His appointment will last for two years and he has already started his role, the Department for Business, Energy and Industrial Strategy (BEIS) announced.

Universities minister Jo Johnson added: “By taking into account important measures such as student satisfaction and graduate employment rates, the Teaching Excellence Framework will give students clear information about where they can achieve the best outcomes and for the first time, place teaching quality on a par with research.  

“Professor Husbands has senior leadership experience from a varied range of higher education providers, in addition to direct knowledge of teaching in other sectors and a distinguished research background. 

“In his new role he will help to build on the existing high standards we expect of providers, stretching the best and rightly encouraging those with variable quality to improve.”

Responsibility for universities was handed over to the Department for Education as part of Theresa May’s first reshuffle, with Johnson’s post now split between the two departments.
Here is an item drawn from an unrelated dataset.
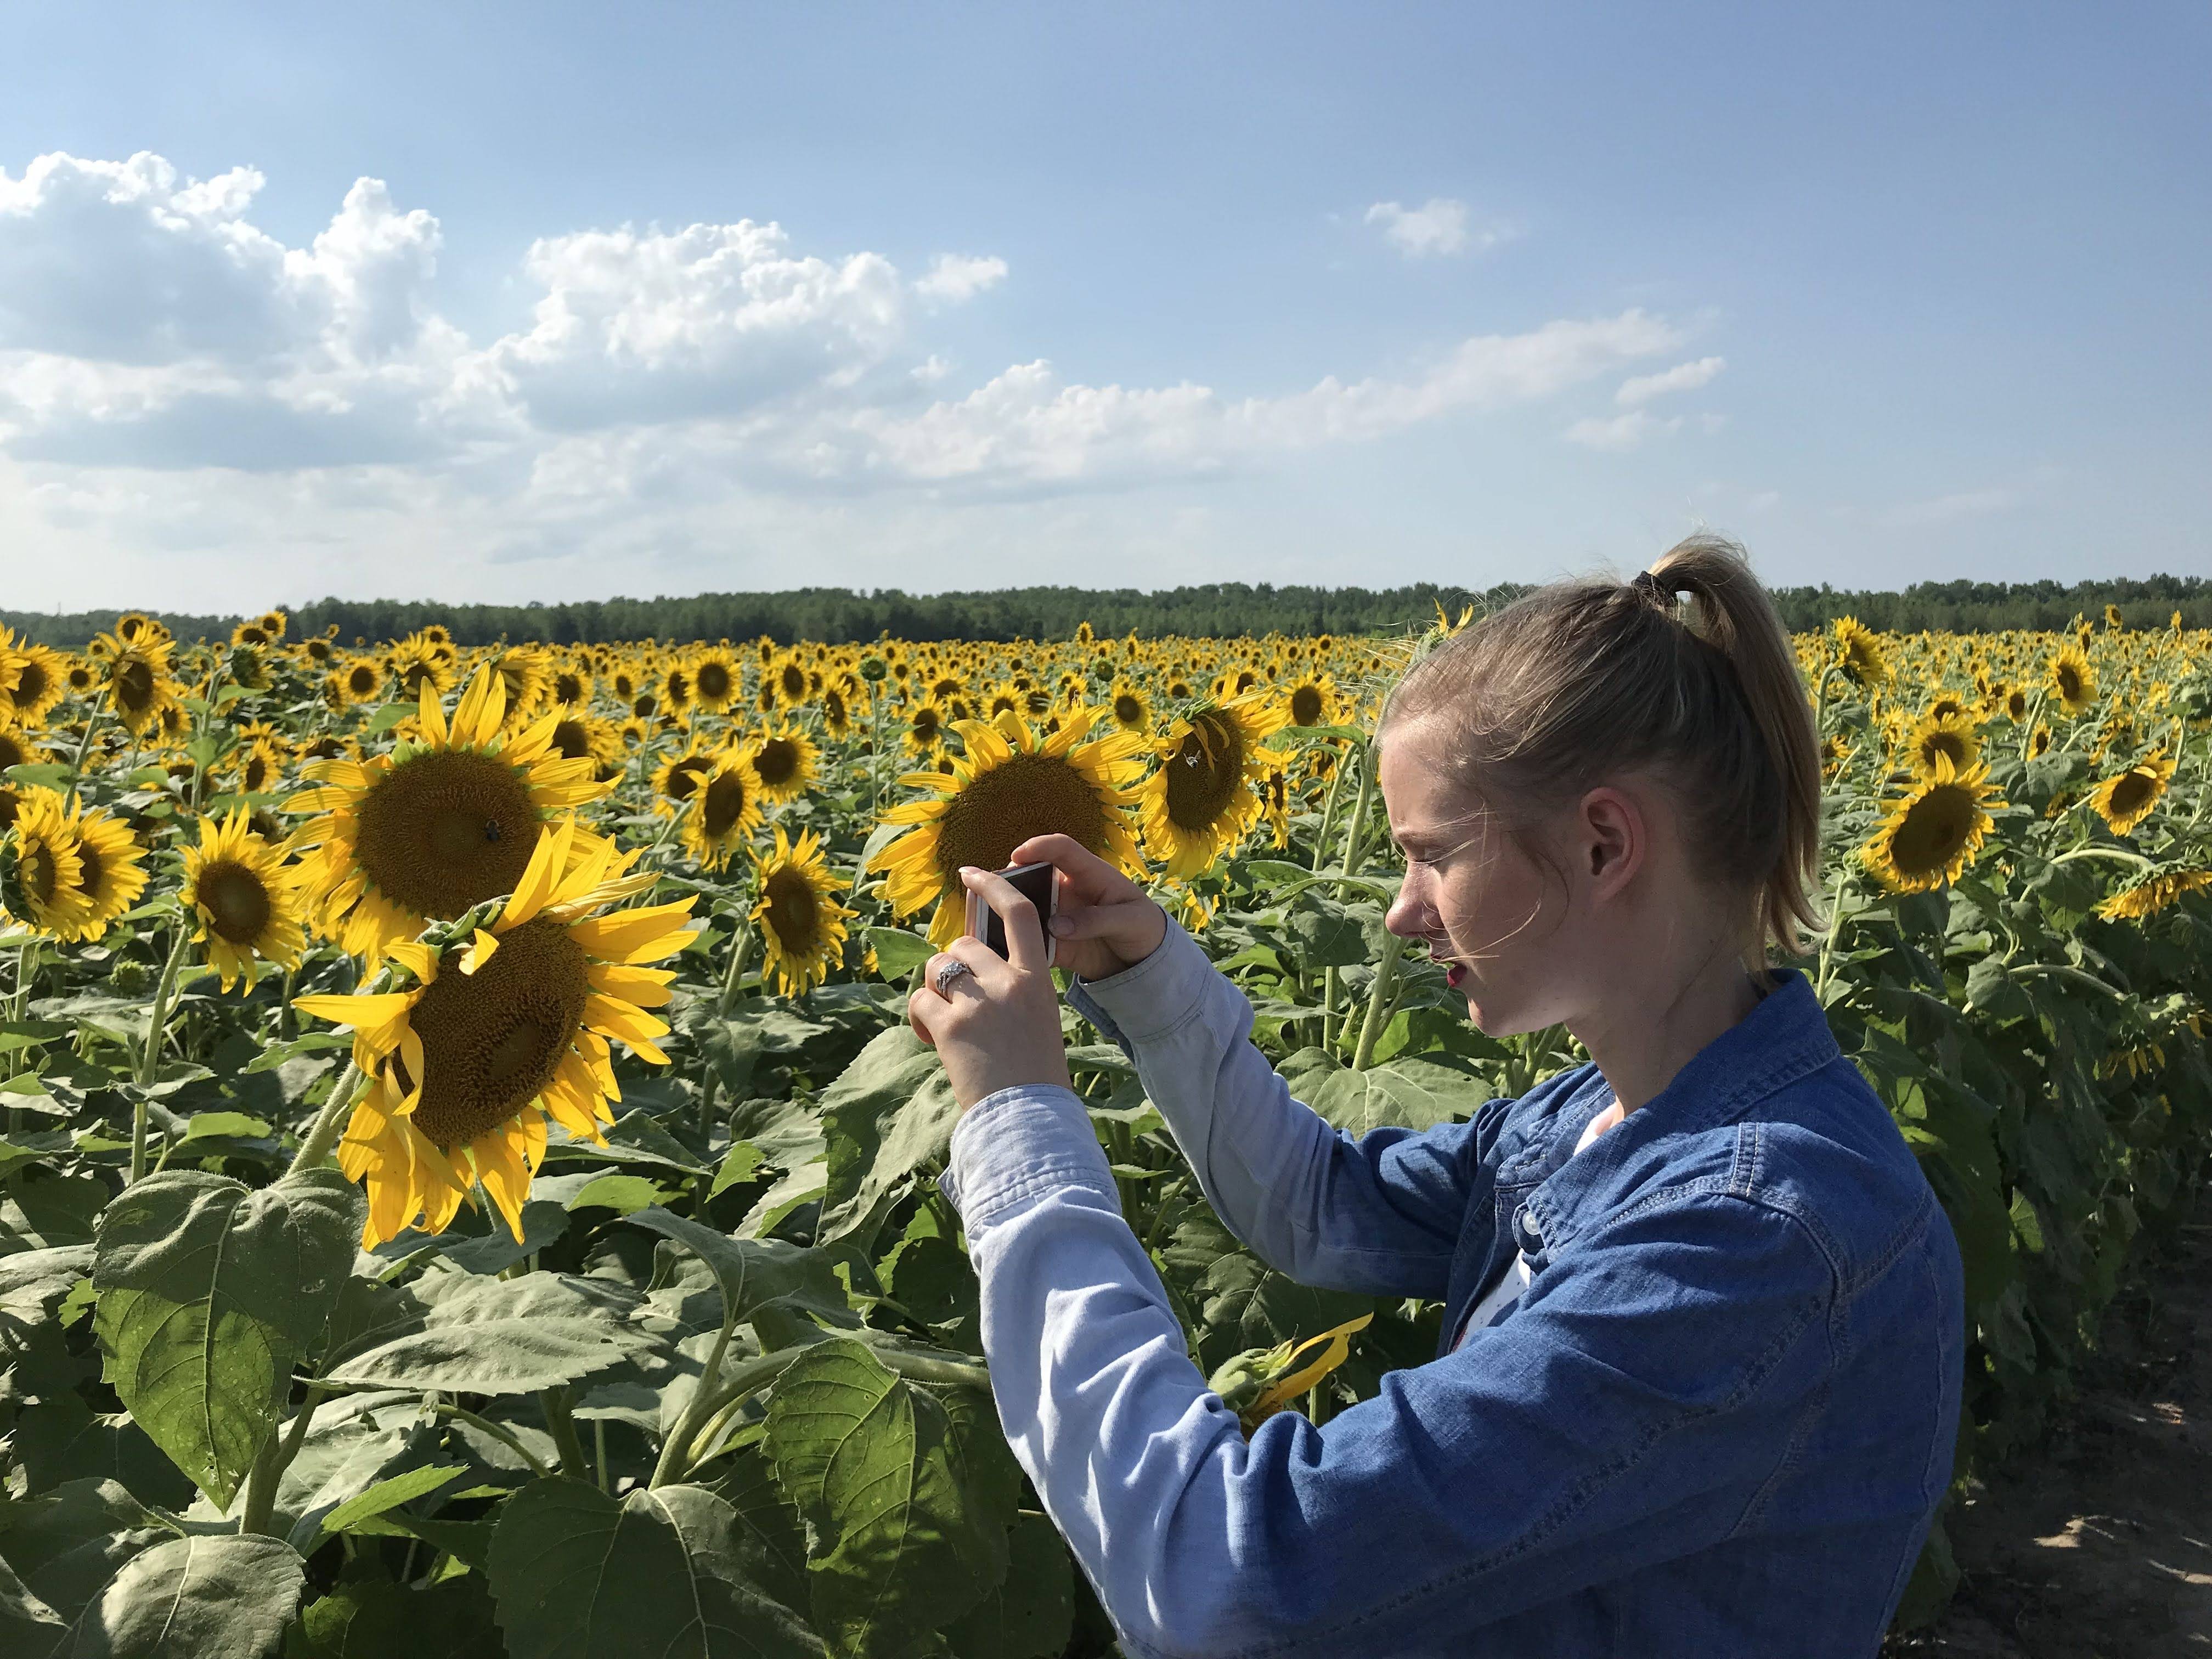 Masha taking photo in a field of sunflowers with iPhone

He announced in July that the cap on tuition fees would rise beyond £9,000 to £9,250 per year for the first time for courses beginning in 2017/18.

That increase applied to all universities, but the government intends from 2019 to introduce a tiered system, meaning that those institutions which do not register on the TEF have their fee cap frozen in cash terms, those which "meet expectations" can increase fees by half the rate of inflation, and those rated "excellent" or "outstanding" can increase them in line with the full RPIX measure of inflation.